Your instructions:
Down to the last line, print the data that follows exactly, without its pictures.

The data:
......
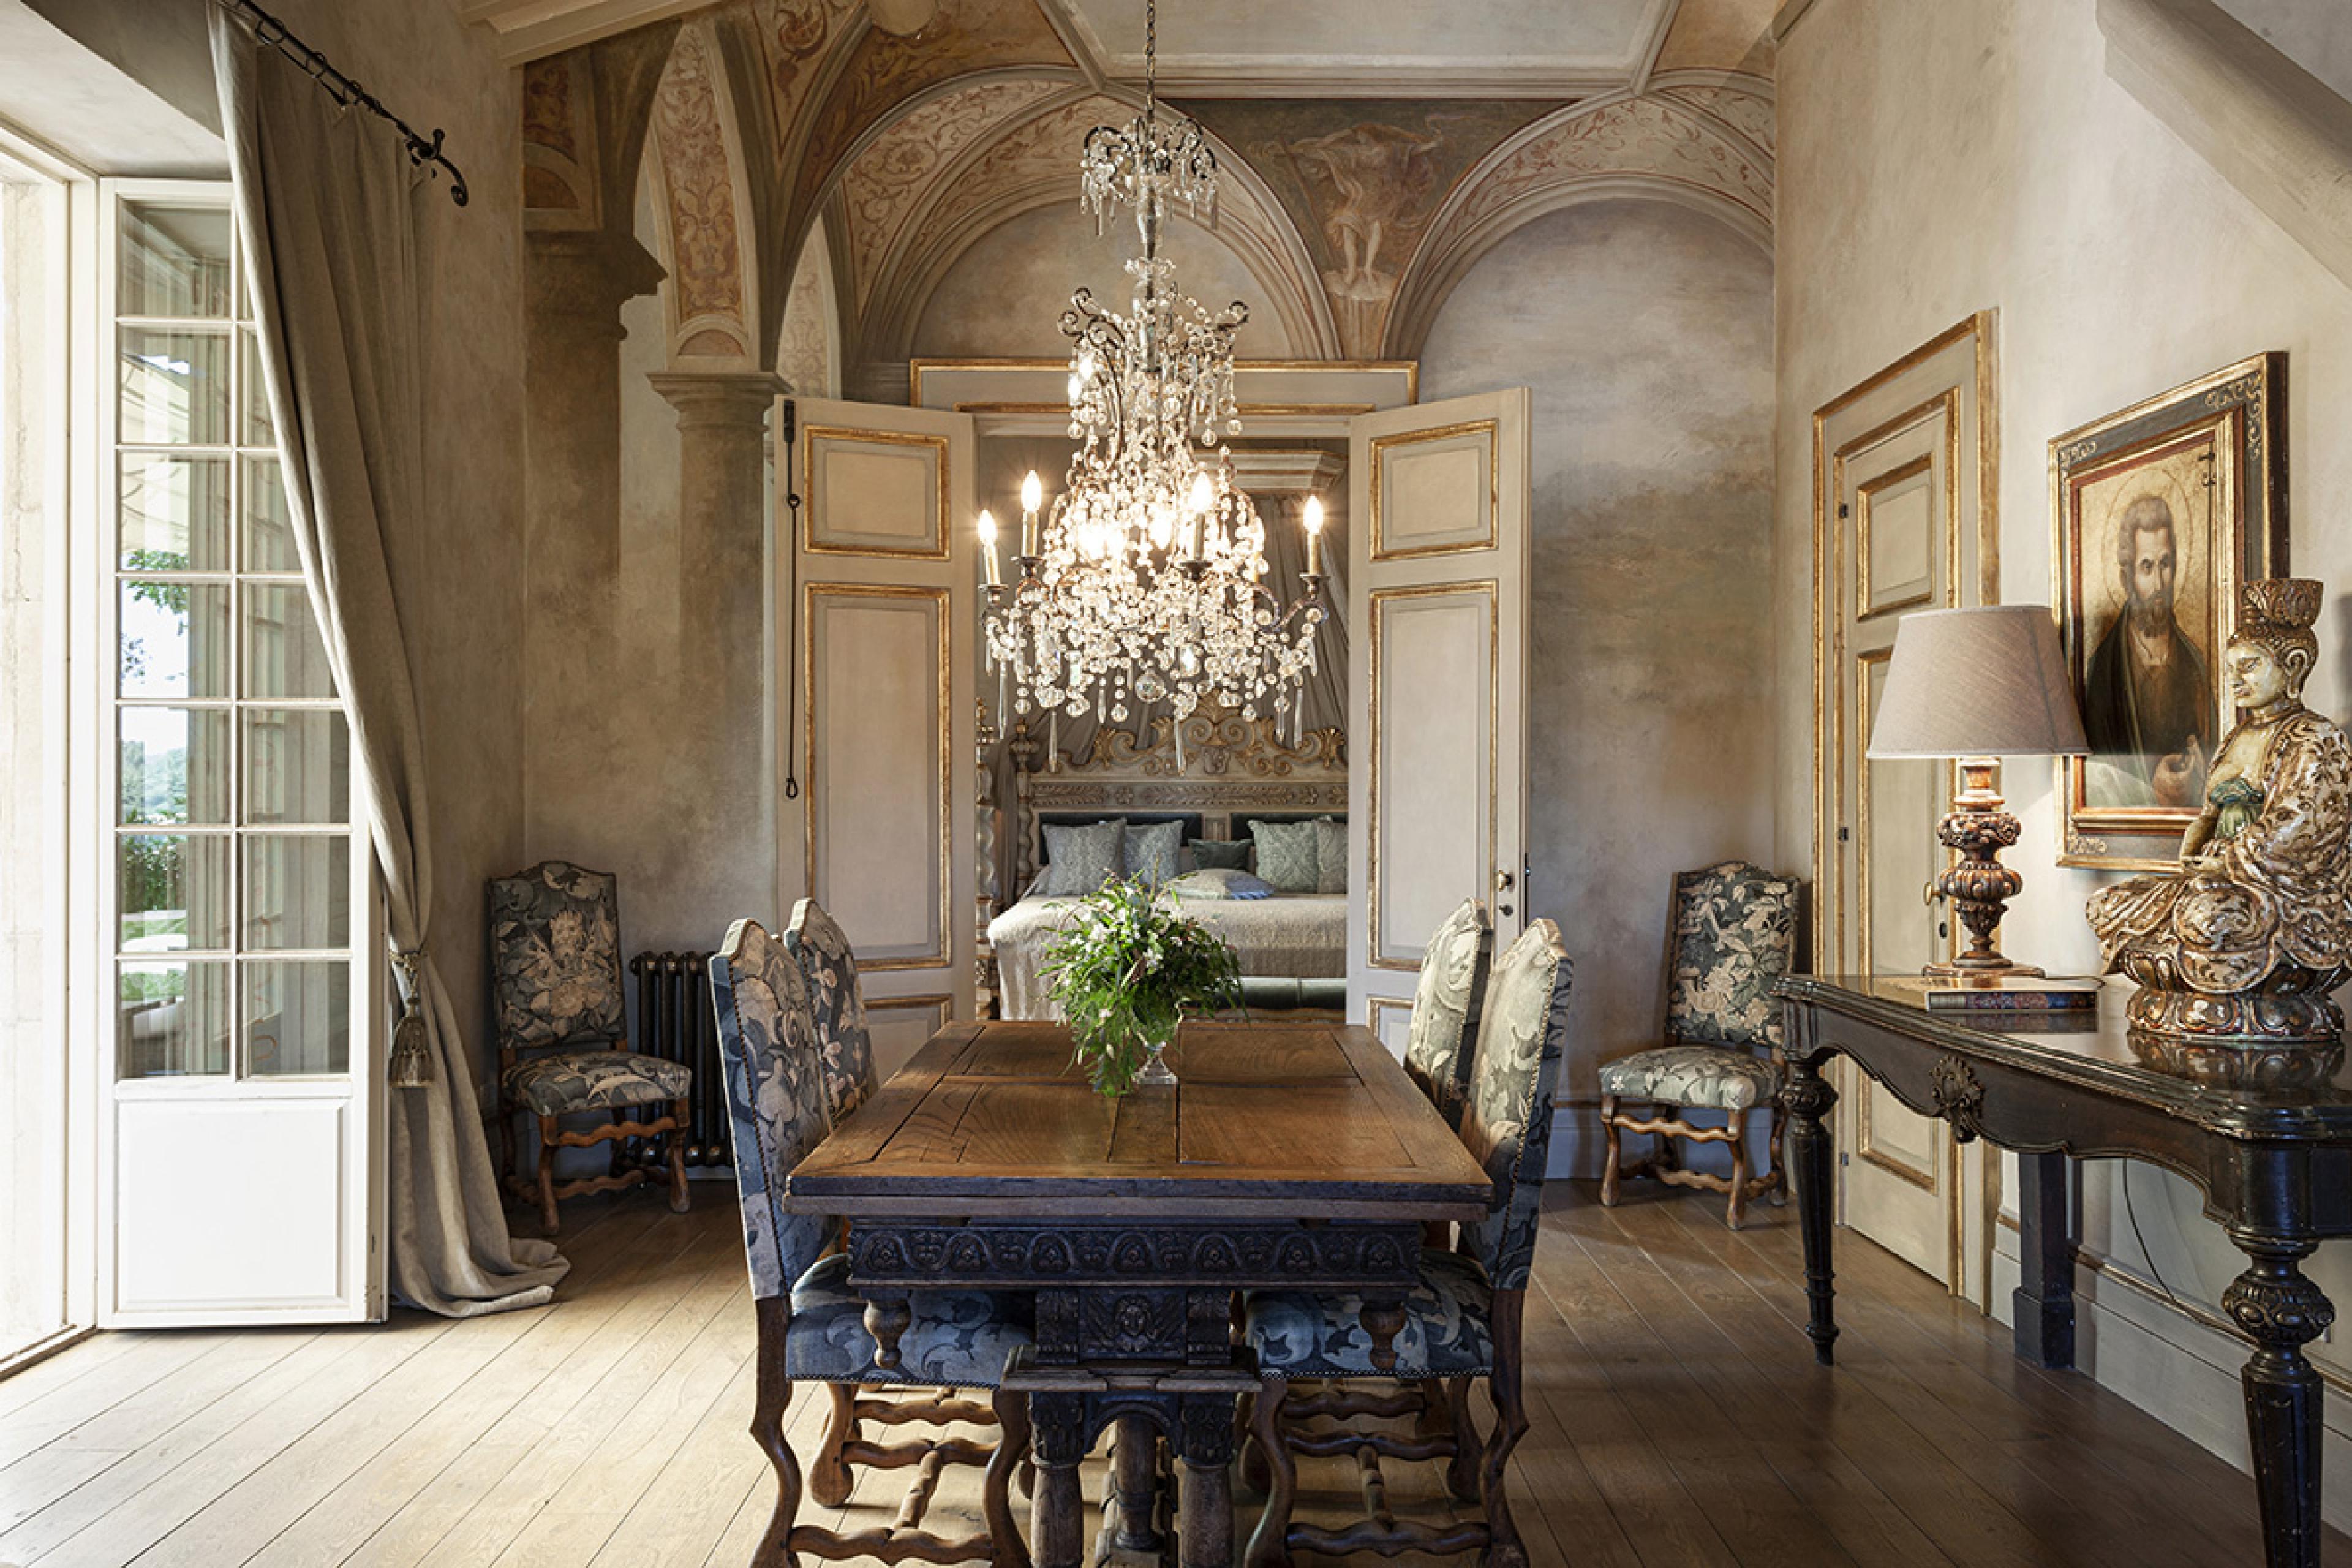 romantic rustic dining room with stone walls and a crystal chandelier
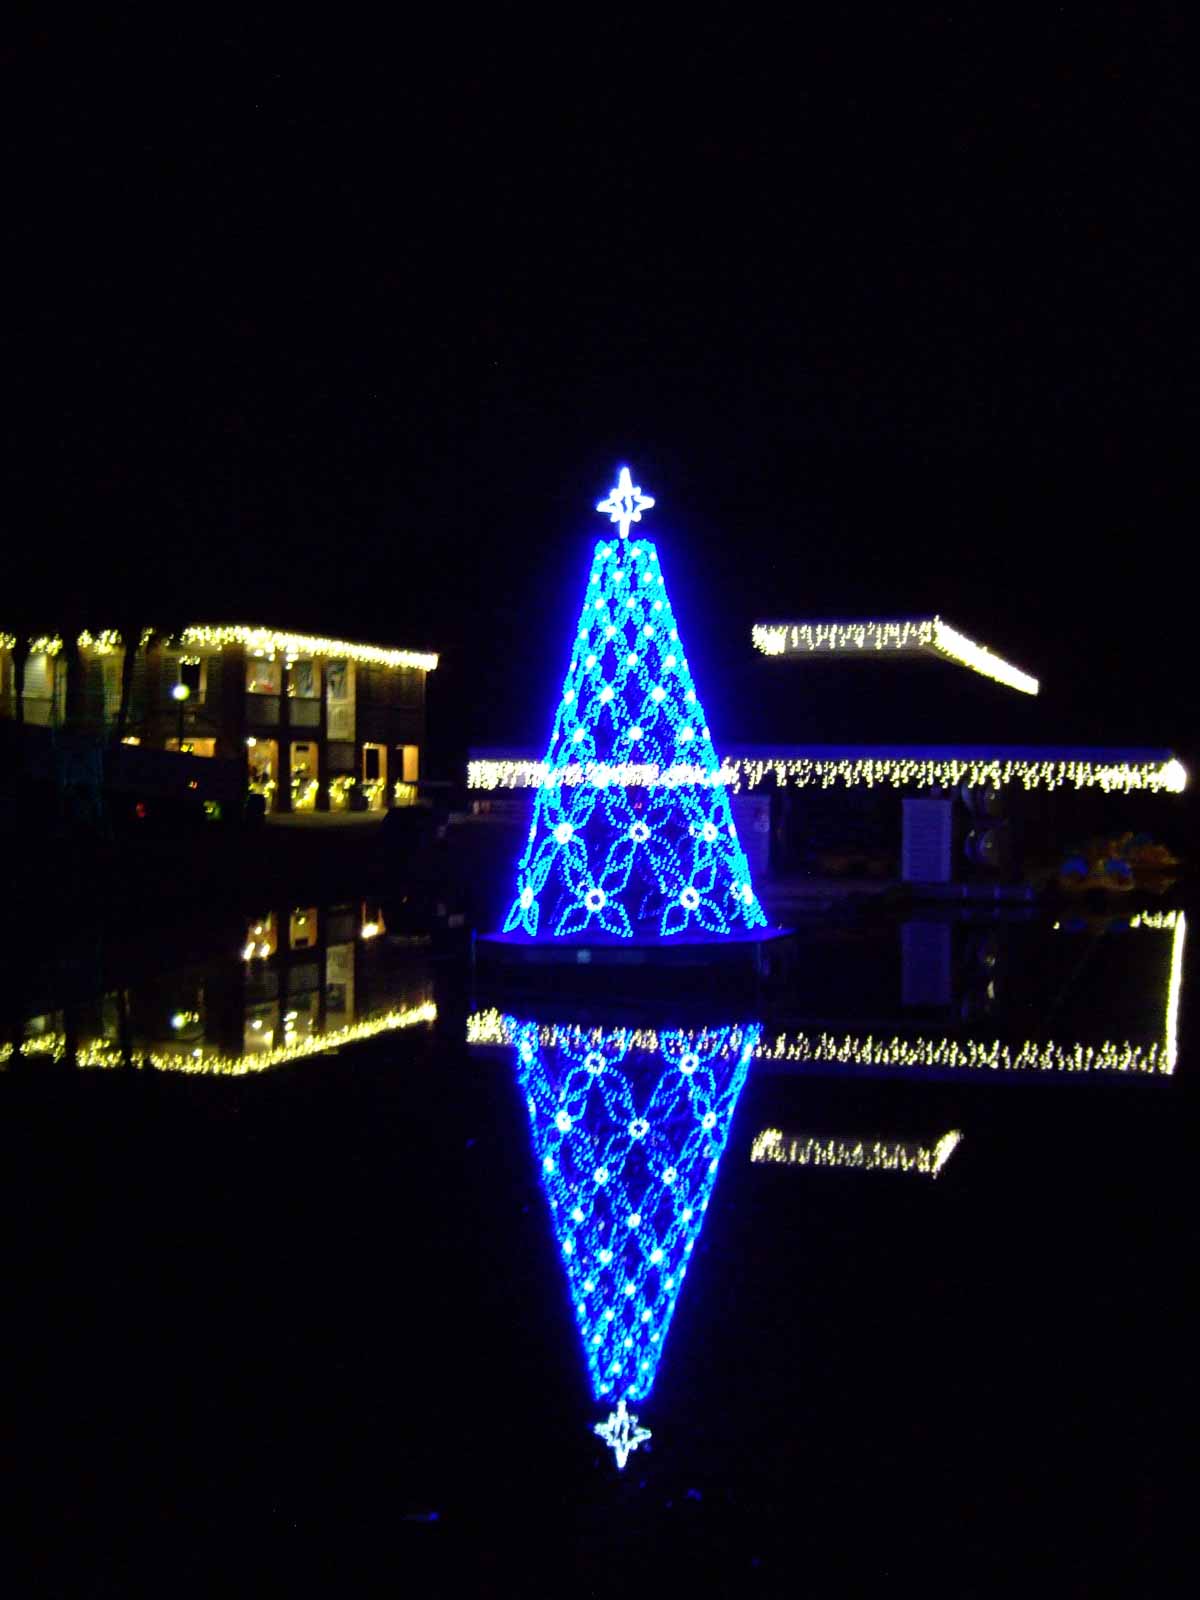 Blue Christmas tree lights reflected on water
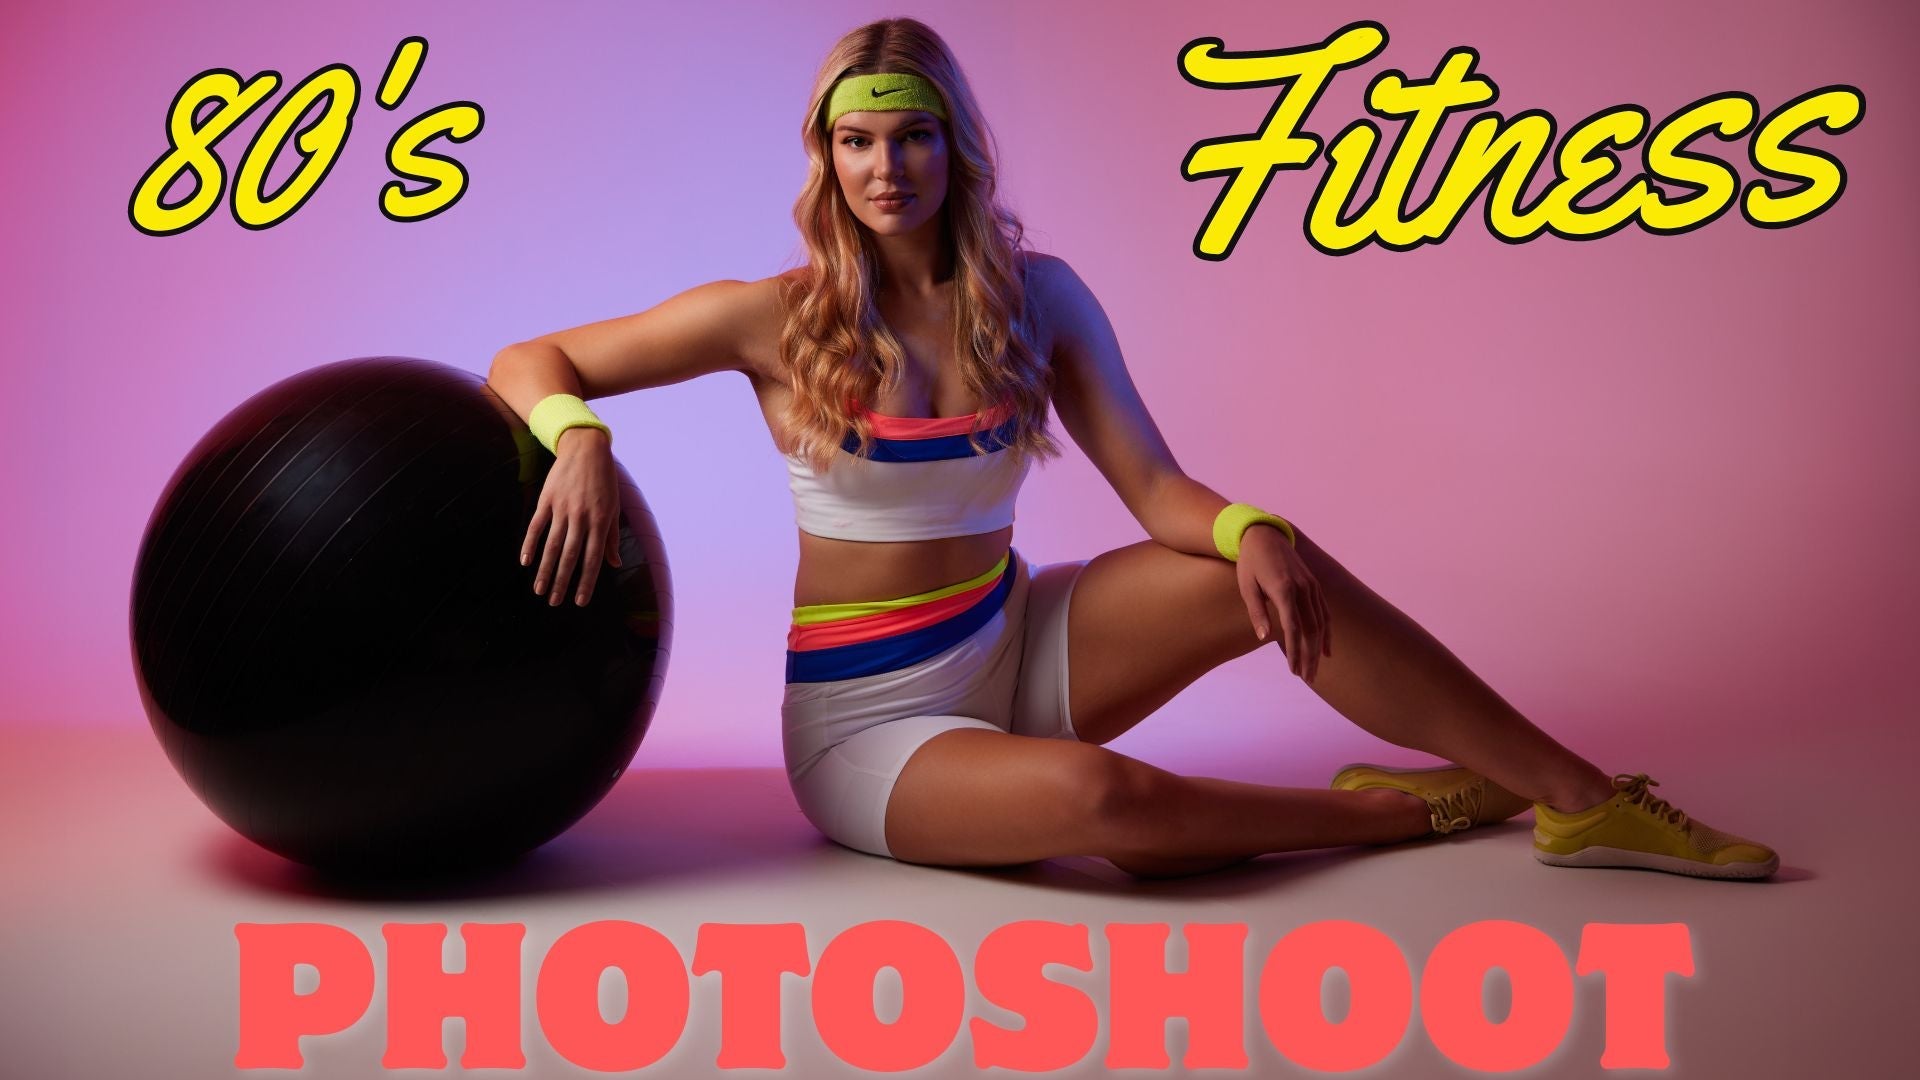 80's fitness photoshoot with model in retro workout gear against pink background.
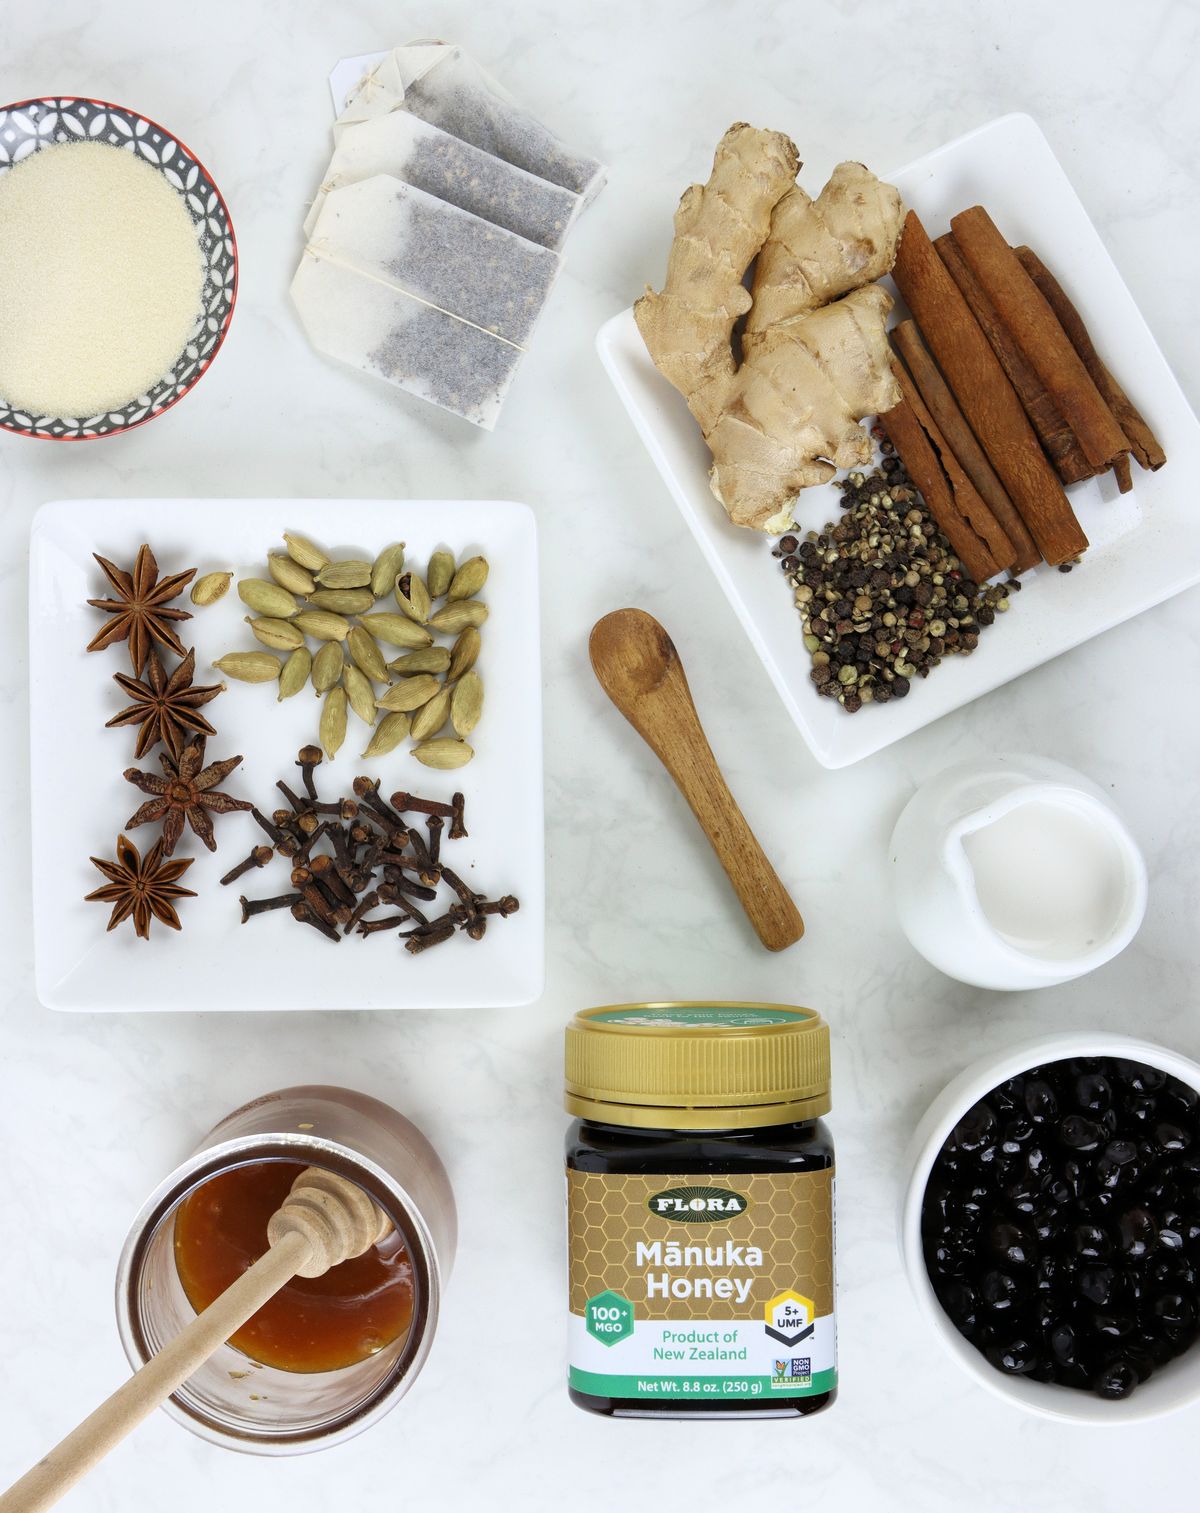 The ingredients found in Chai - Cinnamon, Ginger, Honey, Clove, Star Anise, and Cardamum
......
Output below:
 romantic rustic dining room with stone walls and a crystal chandelier
 Blue Christmas tree lights reflected on water
 80's fitness photoshoot with model in retro workout gear against pink background.
 The ingredients found in Chai - Cinnamon, Ginger, Honey, Clove, Star Anise, and Cardamum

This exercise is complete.